Esiste una legge non scritta che governa i mesi estivi negli uffici italiani: più sale il termometro, più scende la soglia di attenzione verso l’immagine che si proietta. È quasi matematico. Sopra i 30 gradi spariscono le giacche. Sopra i 33 compaiono i sandali. A luglio inoltrato, in certi contesti, sembra di essere entrati per sbaglio in un beach club, manca solo il mojito sul tavolo delle riunioni.
Non è un giudizio. È una dinamica osservabile.
Il codice visivo professionale funziona come un sistema di segnali. Quando quel sistema si allenta, cambiano anche le aspettative reciproche spesso senza che nessuno se ne renda conto consapevolmente.

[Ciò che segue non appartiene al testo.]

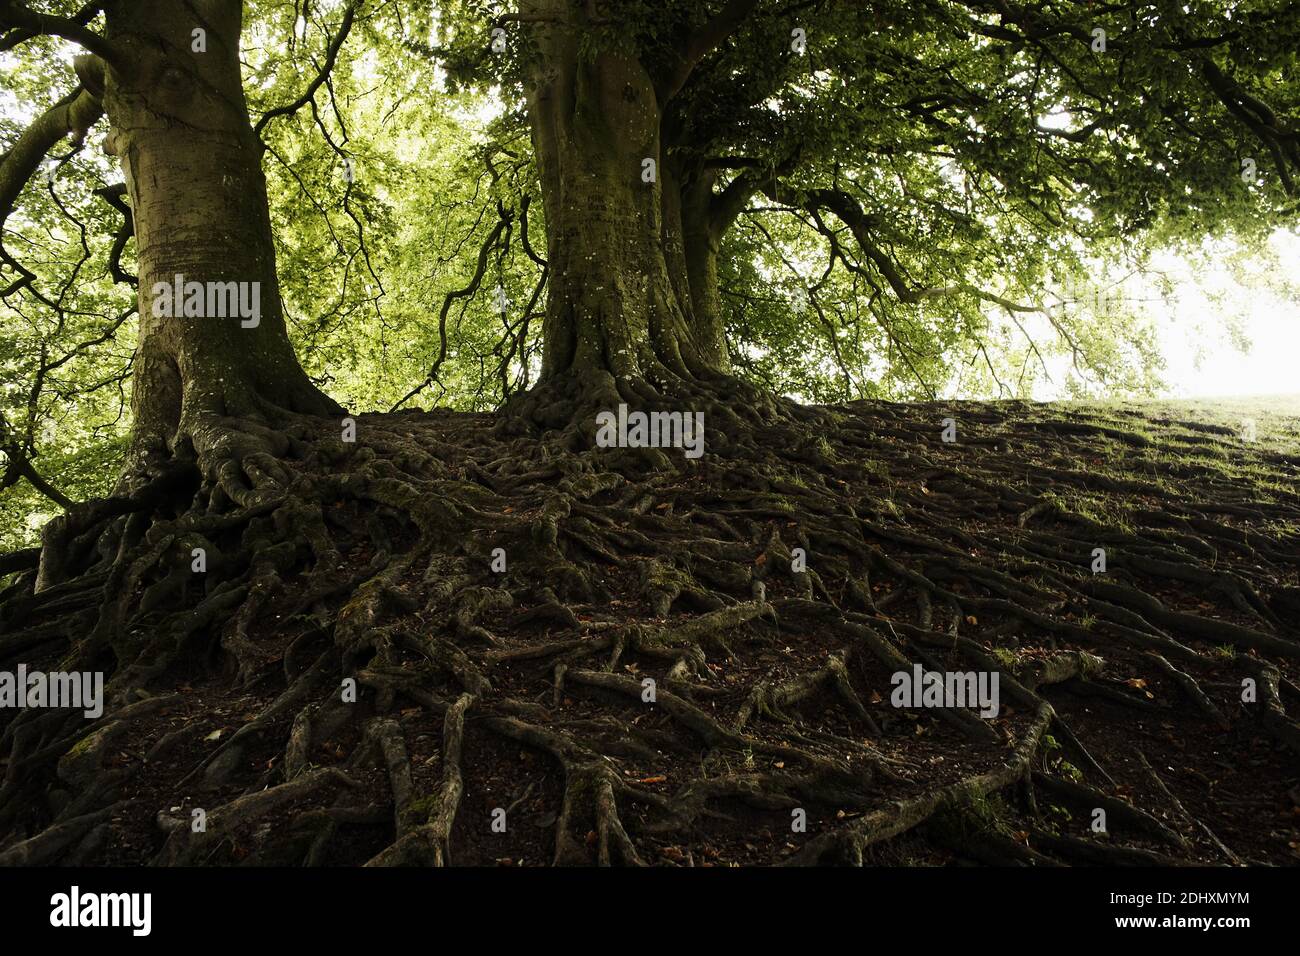 Arbres avec racines exposées.arbre avec racines de surface Banque D'Images

Le riunioni diventano un po’ più vaghe, le decisioni slittano, certi accordi rimangono sospesi con una scrollata di spalle e un “ne riparliamo a settembre”. Il tono si ammorbidisce: a volte è genuinamente piacevole, a volte a pensarci bene, si rivela piuttosto costoso.
Chi ha più da perdere?
Chi lavora in ambienti strutturati (multinazionali, banche, istituzioni)spesso ha una rete di contenimento: procedure, ruoli definiti, gerarchie che reggono anche quando tutti sono in maniche di camicia. Il contesto fa buona parte del lavoro al posto loro.
Per un imprenditore, un professionista autonomo, un manager che costruisce sulla reputazione personale, la storia è diversa. L’immagine che proietta non è un dettaglio accessorio: è parte integrante di come viene percepito, valutato, scelto. È, a tutti gli effetti, uno strumento di lavoro. E gli strumenti, se non vengono curati, arrugginiscono in fretta.

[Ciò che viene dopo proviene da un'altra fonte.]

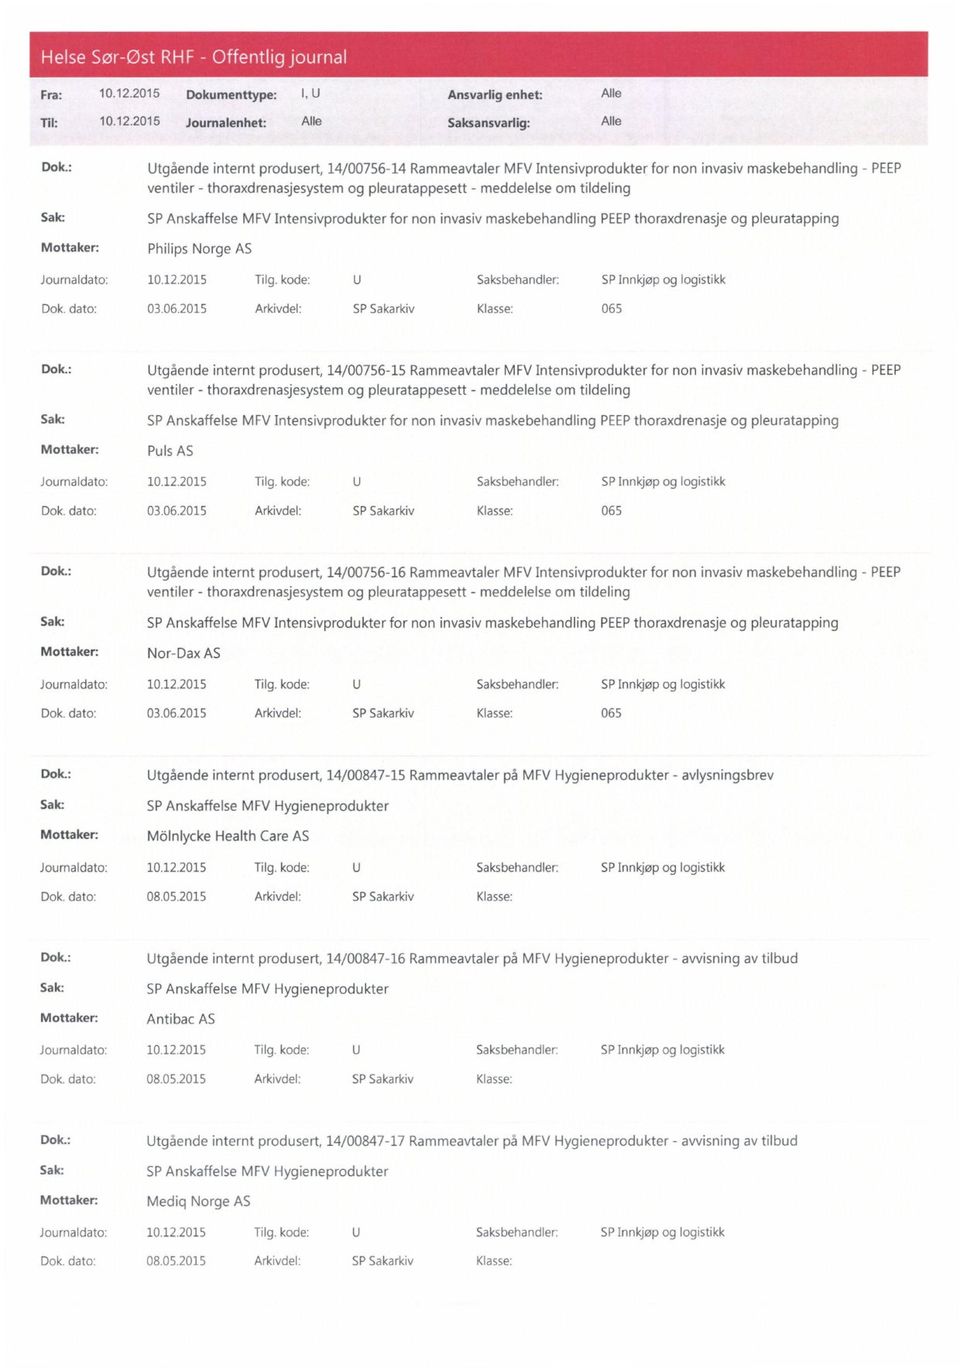 PEEPthoraxdrenasje og pleuratapping Philips Norge AS Dok.: Utgående internt produsert, 14/00756-15 Rammeavtaler MFV Intensivprodukter for non invasiv maskebehandling - PEEP Puls AS Dok.

C’è anche un secondo livello, meno ovvio: non si tratta solo di come ci vedono gli altri. L’abbigliamento influenza la postura mentale, non solo quella fisica. Chi ha lavorato a lungo in pigiama da casa probabilmente non ha bisogno di citazioni accademiche per capire questo concetto… .
Vestirsi bene d’estate è, in realtà, più difficile che vestirsi bene d’inverno.

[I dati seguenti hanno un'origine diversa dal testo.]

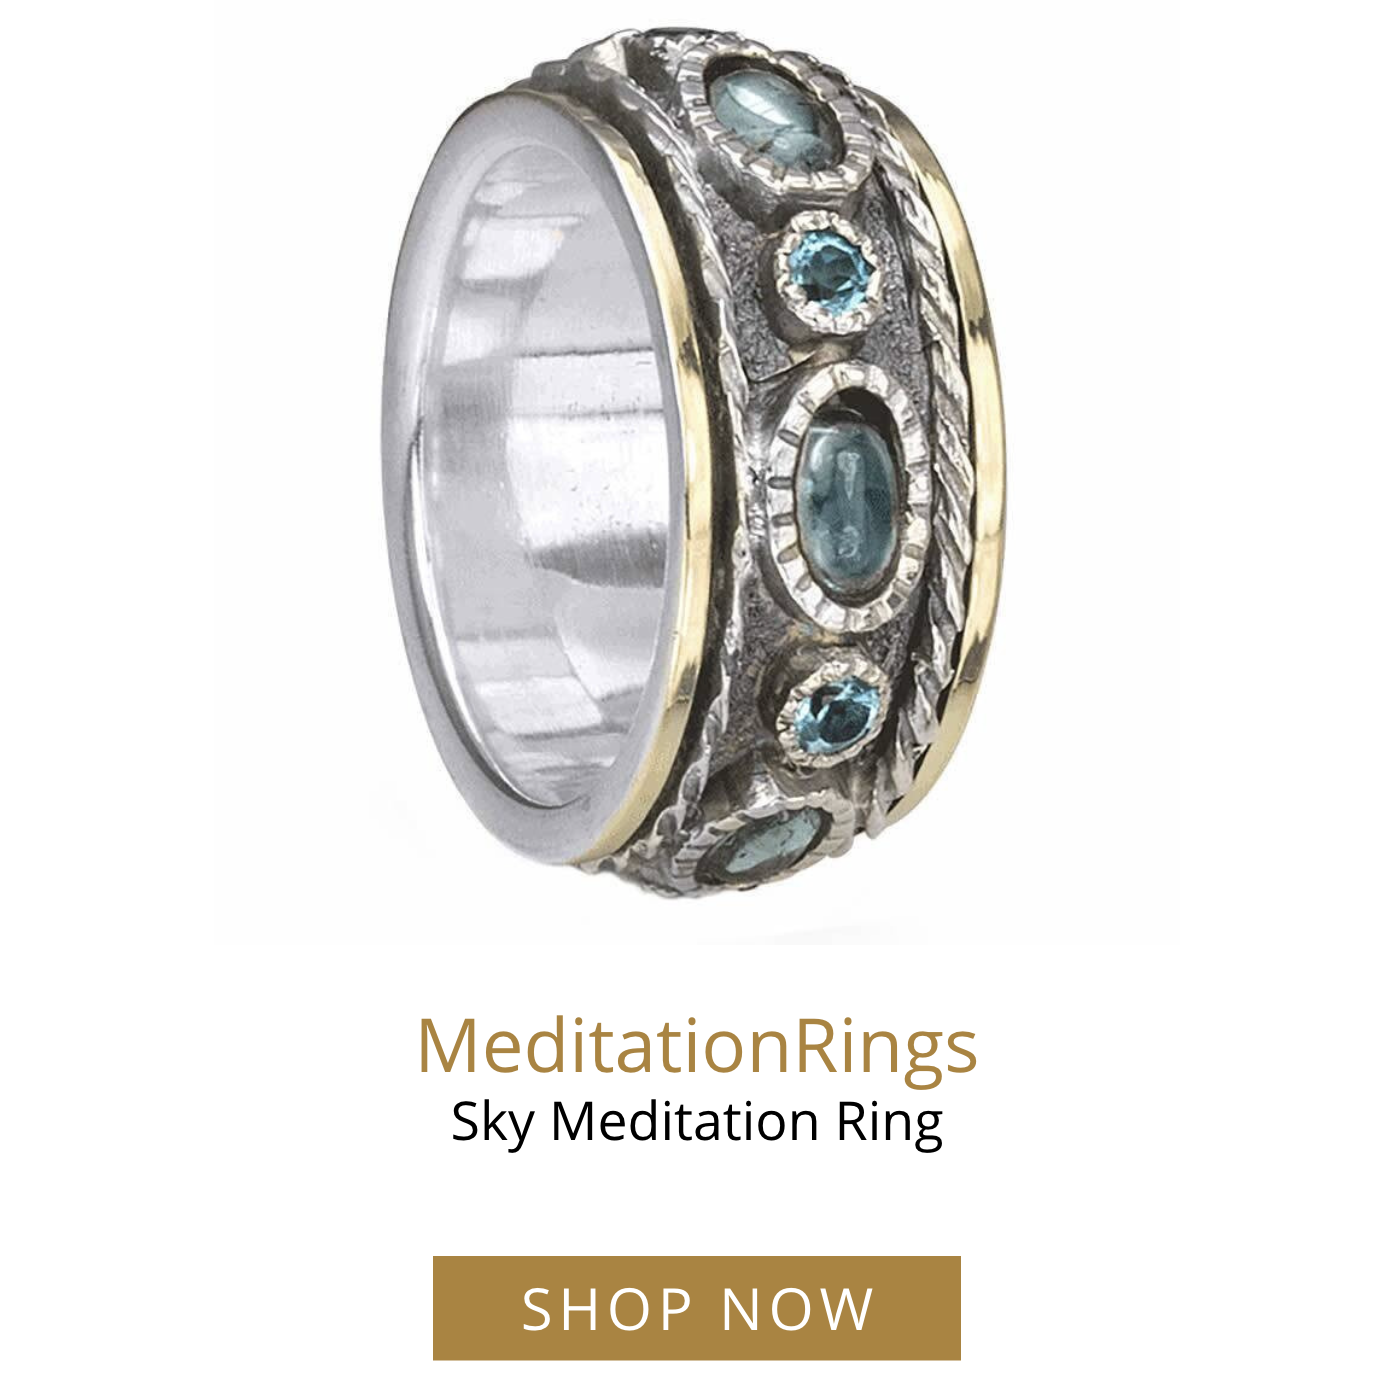 MeditationRings Sky Meditation Ring

Richiede attenzione ai materiali, ai colori, alle proporzioni. Richiede una consapevolezza chiara di cosa funziona su di sé, anche quando il guardaroba stagionale offre meno appigli. Chi ci riesce si nota, non perché stia seguendo un codice rigido, ma perché ha chiarezza su chi è e su come vuole essere percepito. In tutte le stagioni.
Quella chiarezza non è sempre istintiva. A volte si costruisce. A volte richiede uno sguardo esterno per vederla o per accorgersi che manca.
La domanda da farsi non è “posso permettermi di essere meno formale d’estate?” È un’altra: la mia immagine professionale sta lavorando per me, anche quando la temperatura non aiuta?
Se la risposta è un “sì” convinto, ottimo. Se è un “probabilmente sì” o un “ci devo pensare” allora forse vale la pena non aspettare settembre.